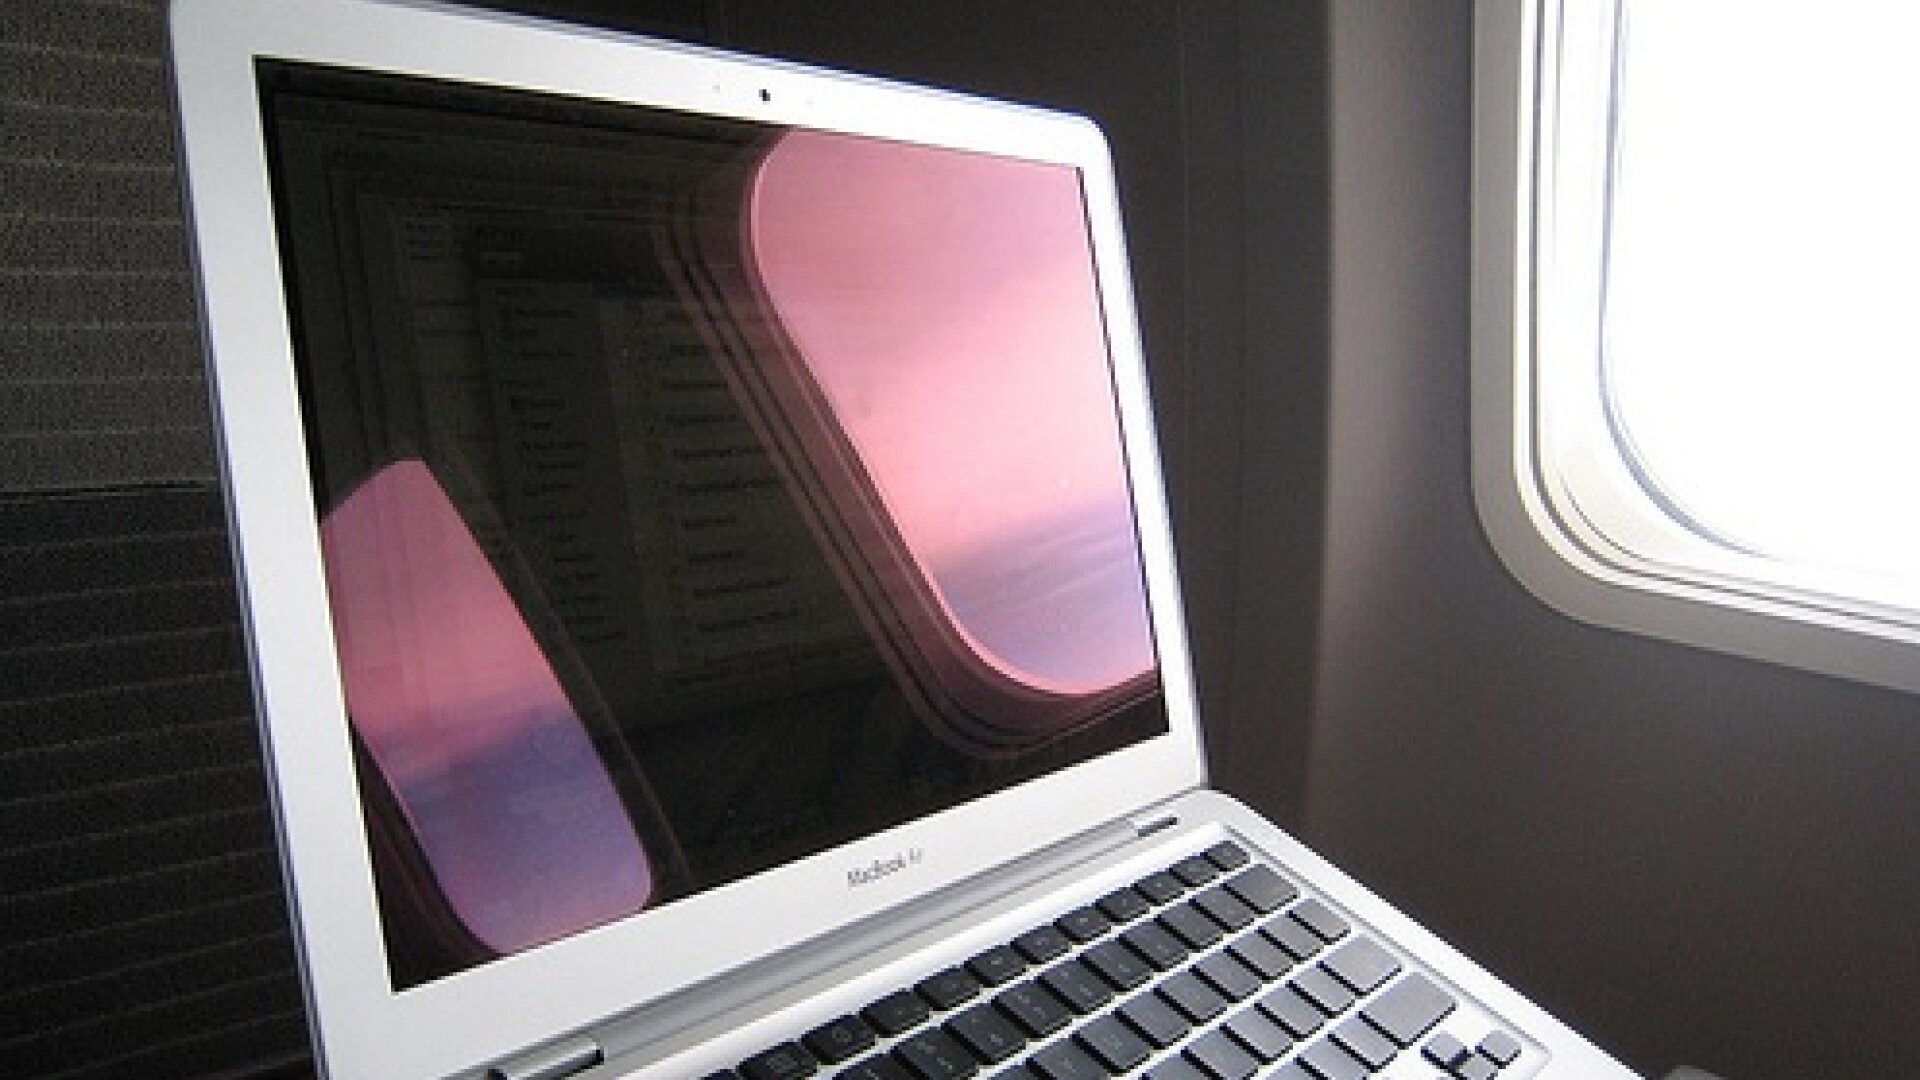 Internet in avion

--------------------

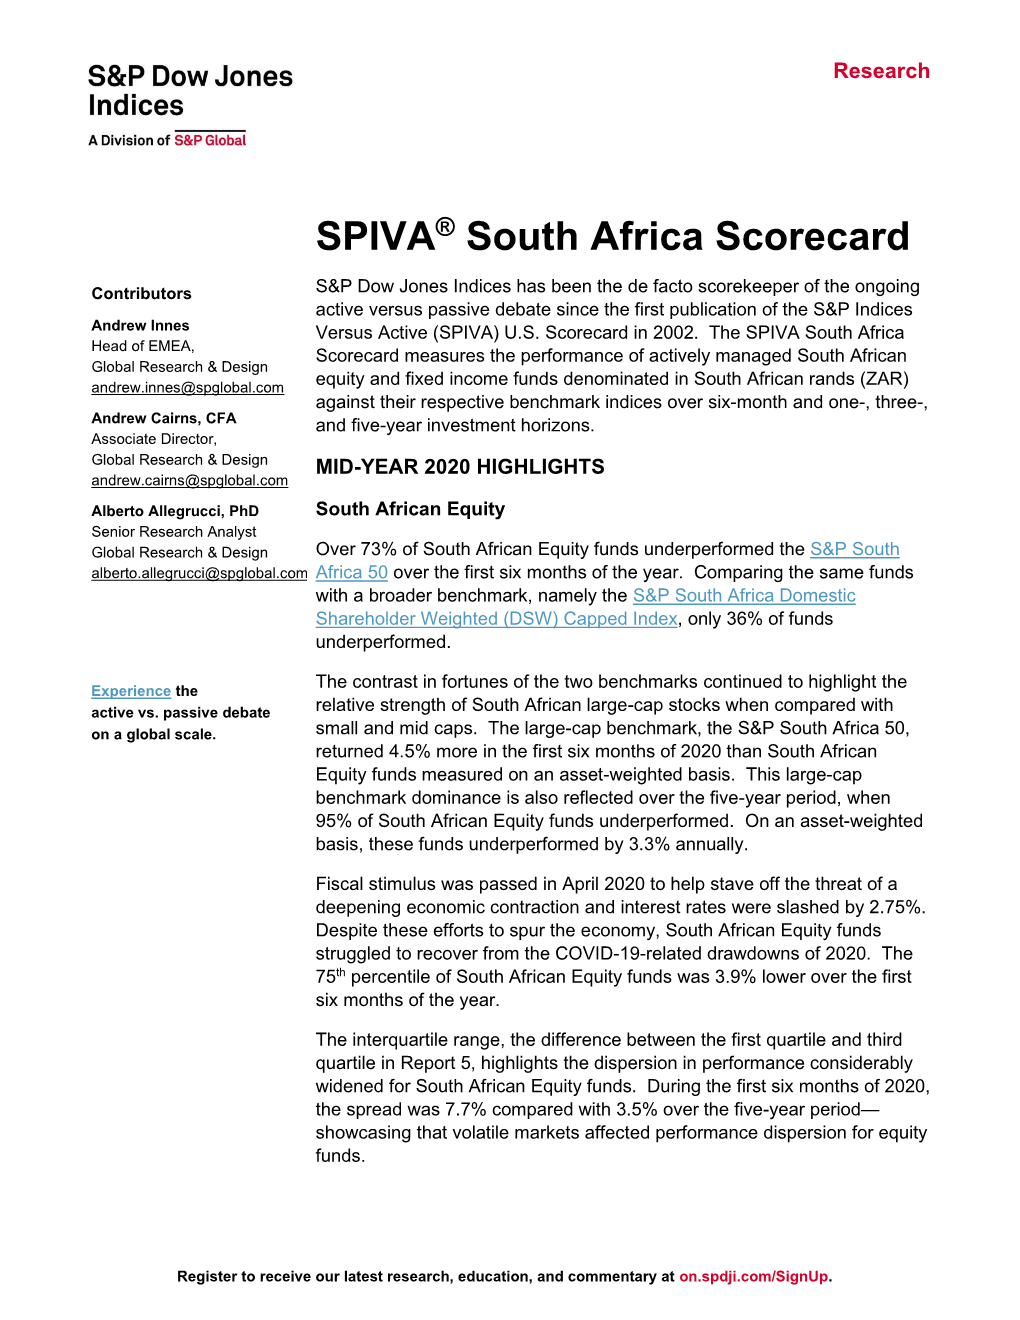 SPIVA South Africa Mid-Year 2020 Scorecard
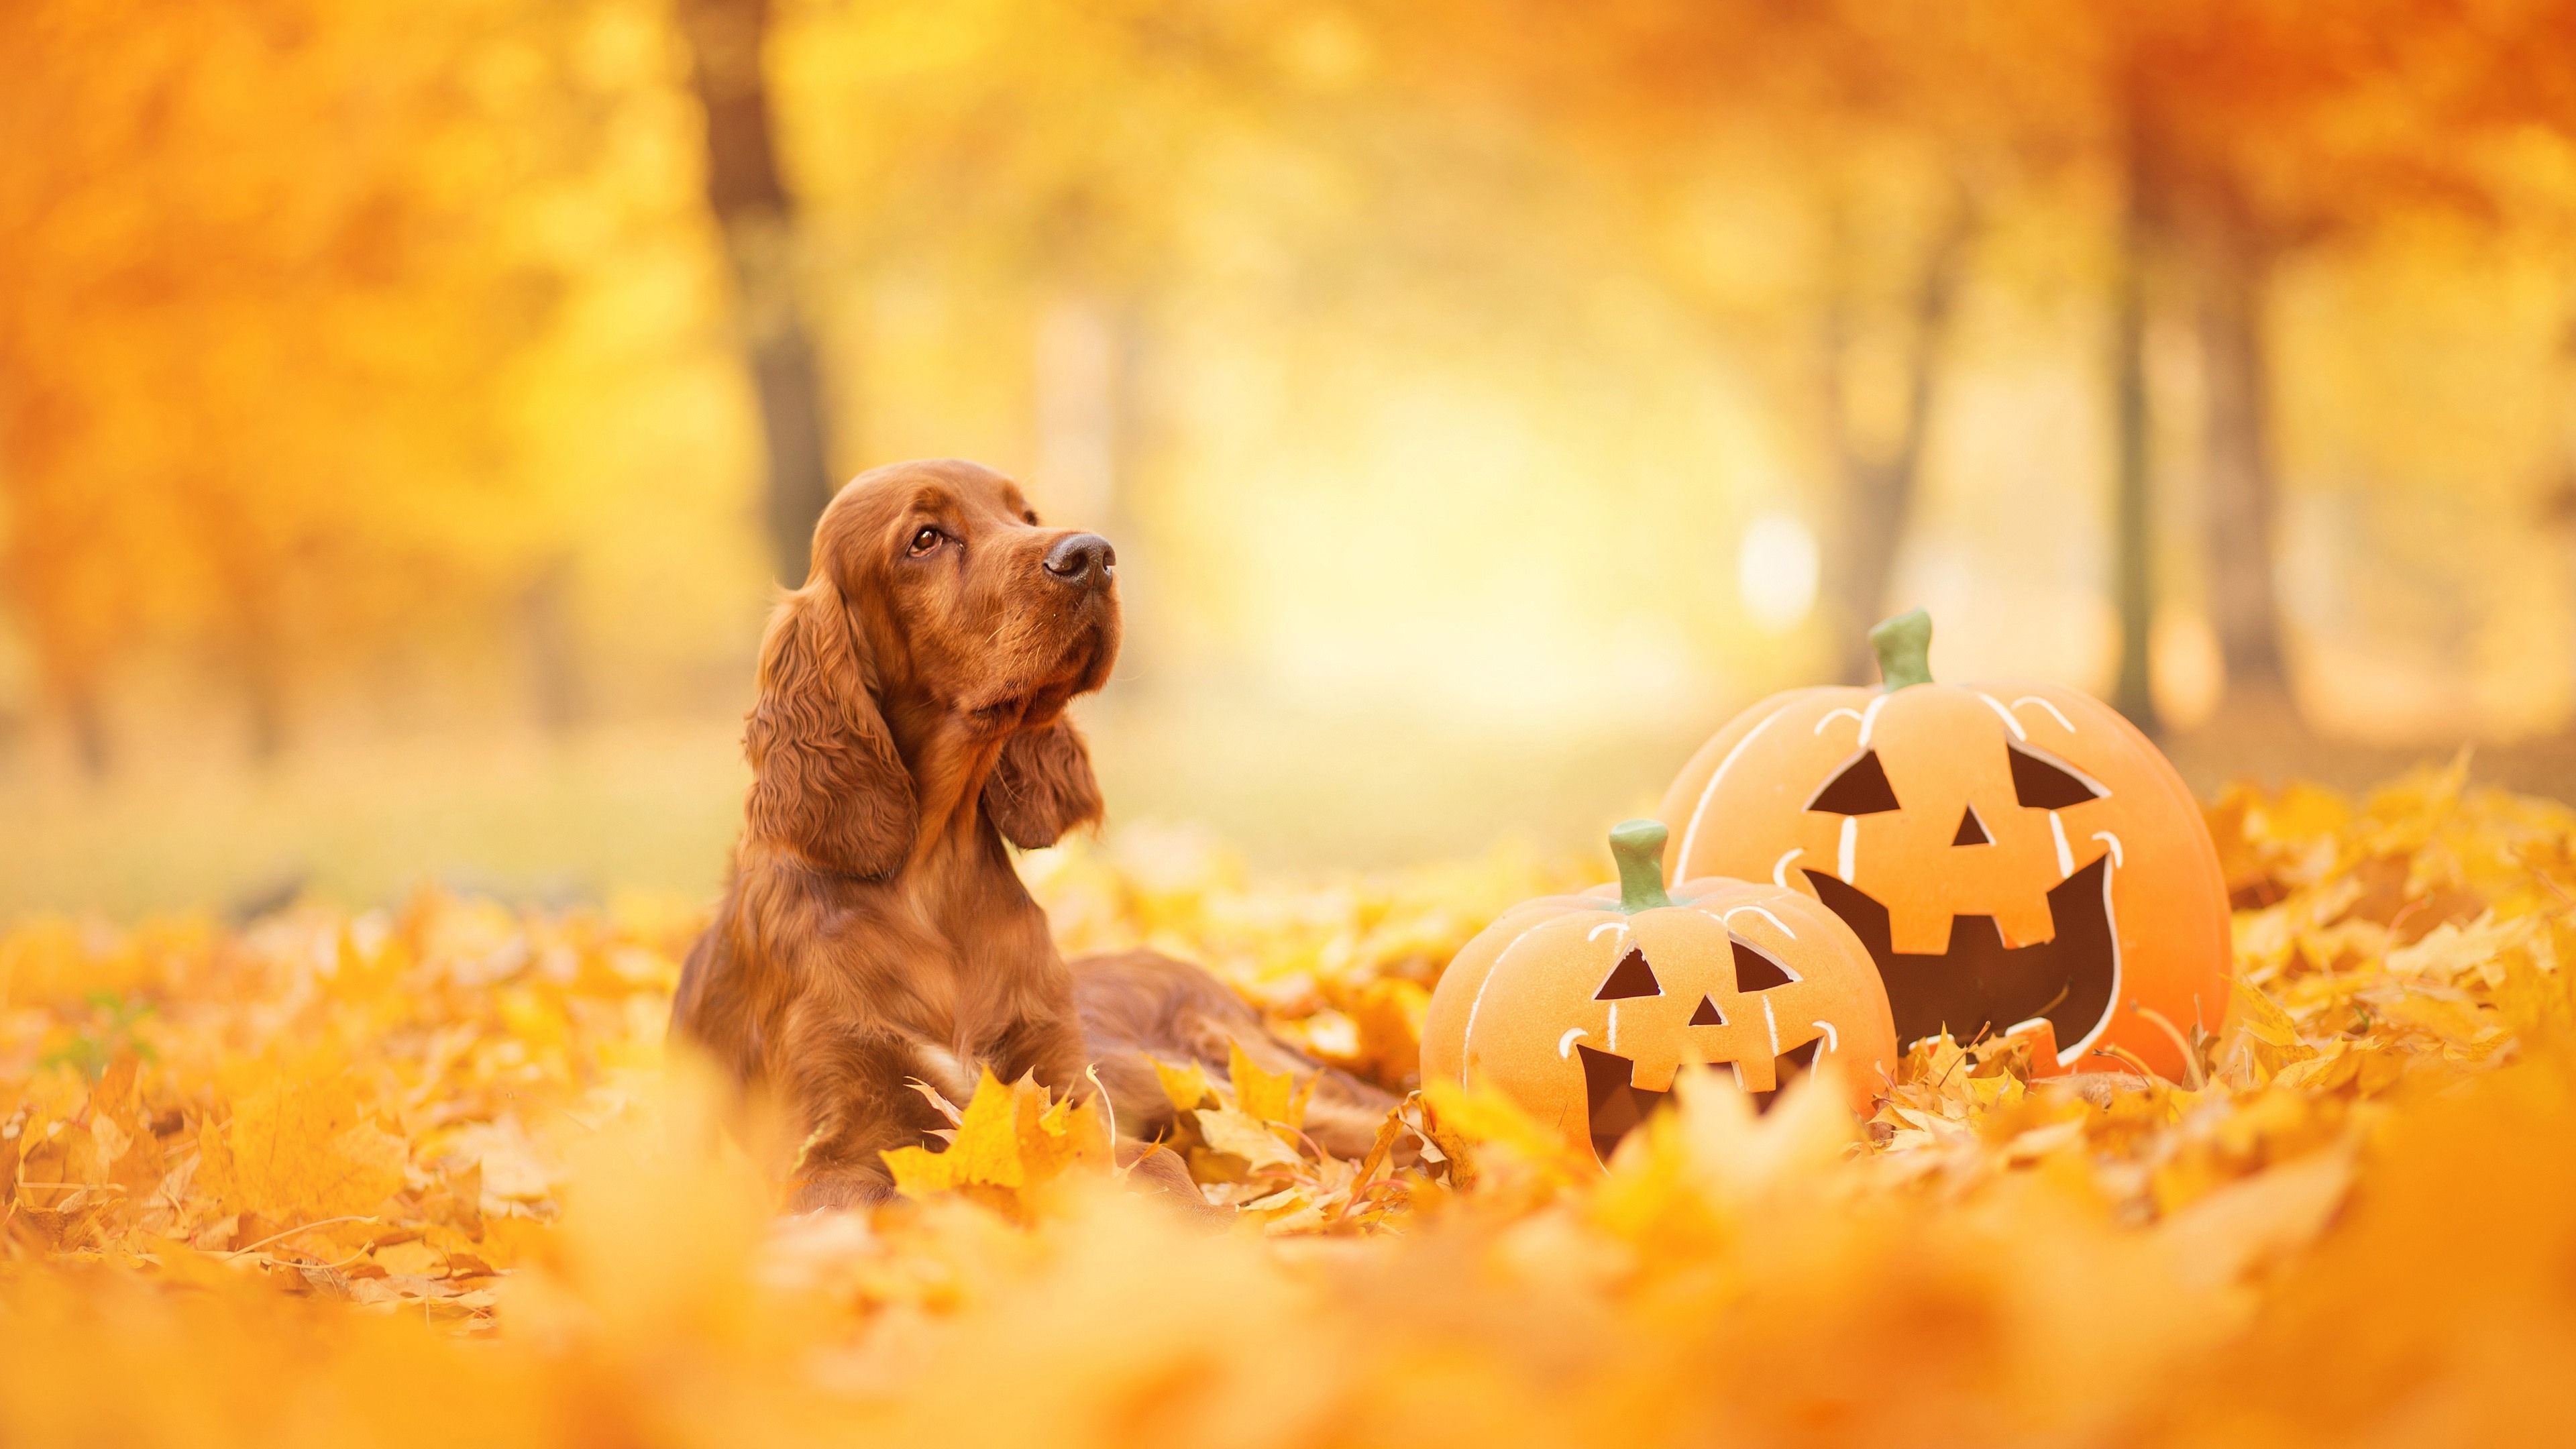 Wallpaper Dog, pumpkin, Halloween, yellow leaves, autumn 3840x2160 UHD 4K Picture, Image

--------------------

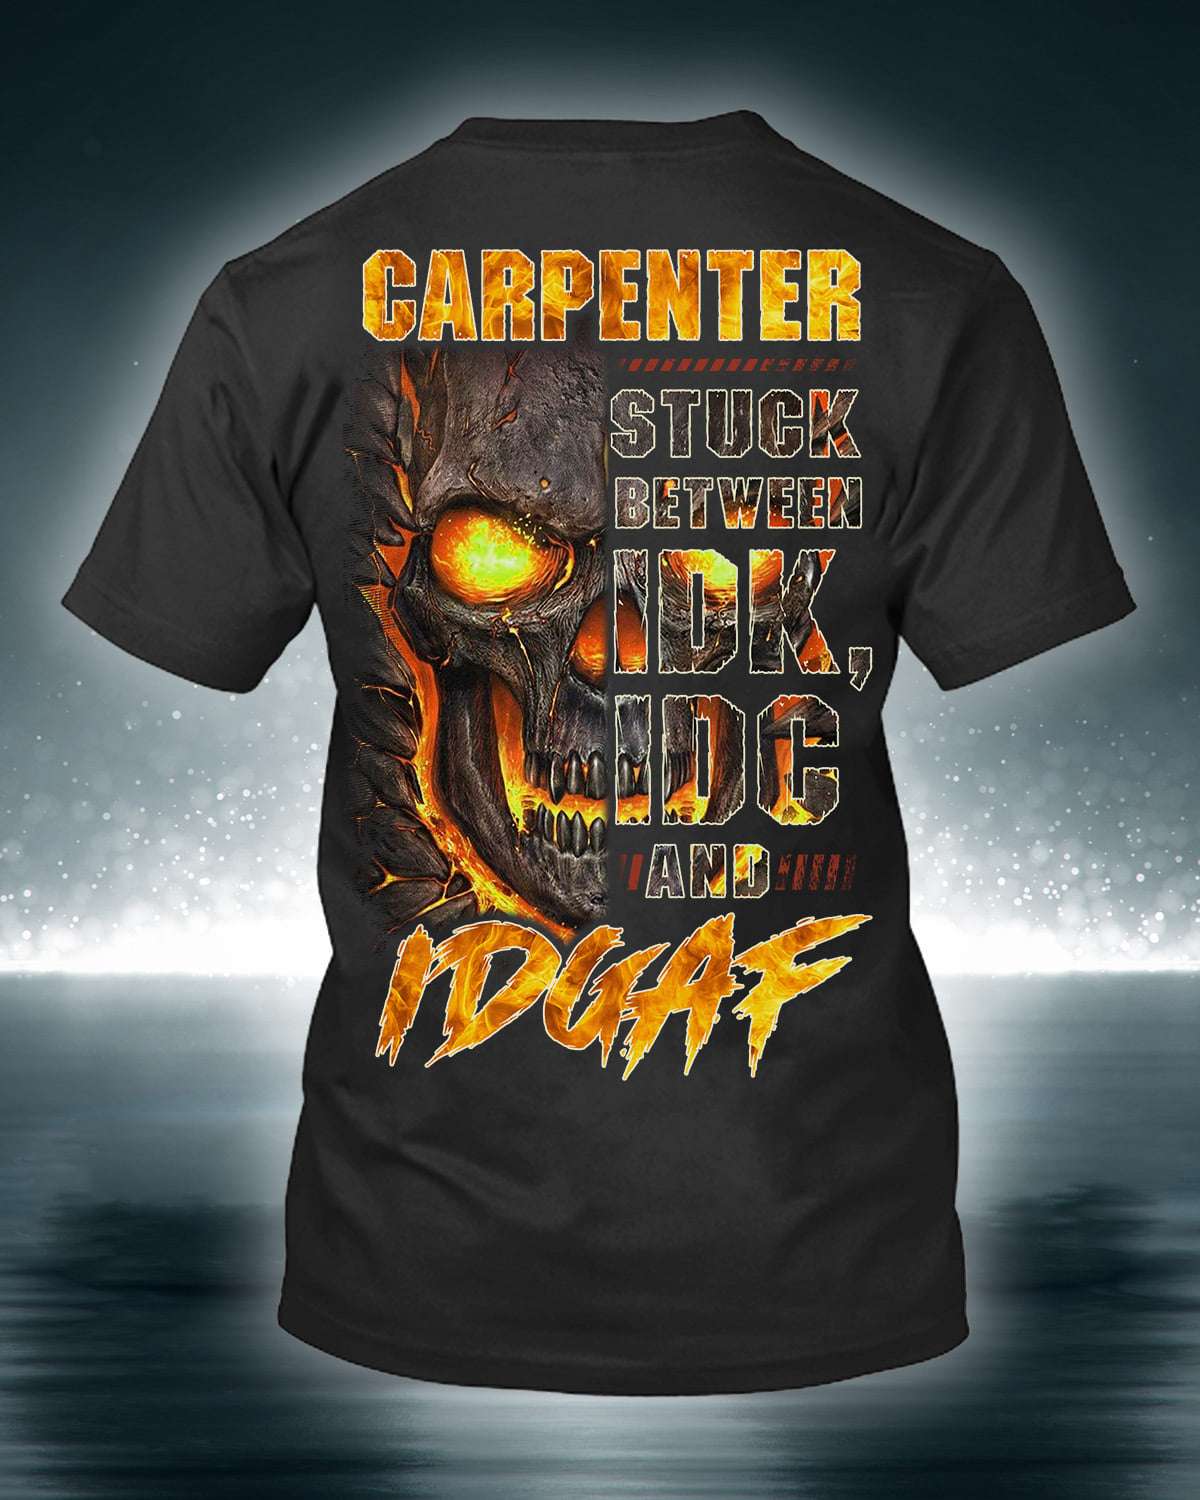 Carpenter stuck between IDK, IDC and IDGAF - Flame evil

--------------------

■ **What you will do**: In the records above, find the line with "SPIVA South Africa Mid-Year 2020 Scorecard" and the line with "Wallpaper Dog, pumpkin, Halloween, yellow", then restate word for word only those two lines and all lines between, omitting pictures.

■ **Exercise result**:
 SPIVA South Africa Mid-Year 2020 Scorecard
 Wallpaper Dog, pumpkin, Halloween, yellow leaves, autumn 3840x2160 UHD 4K Picture, Image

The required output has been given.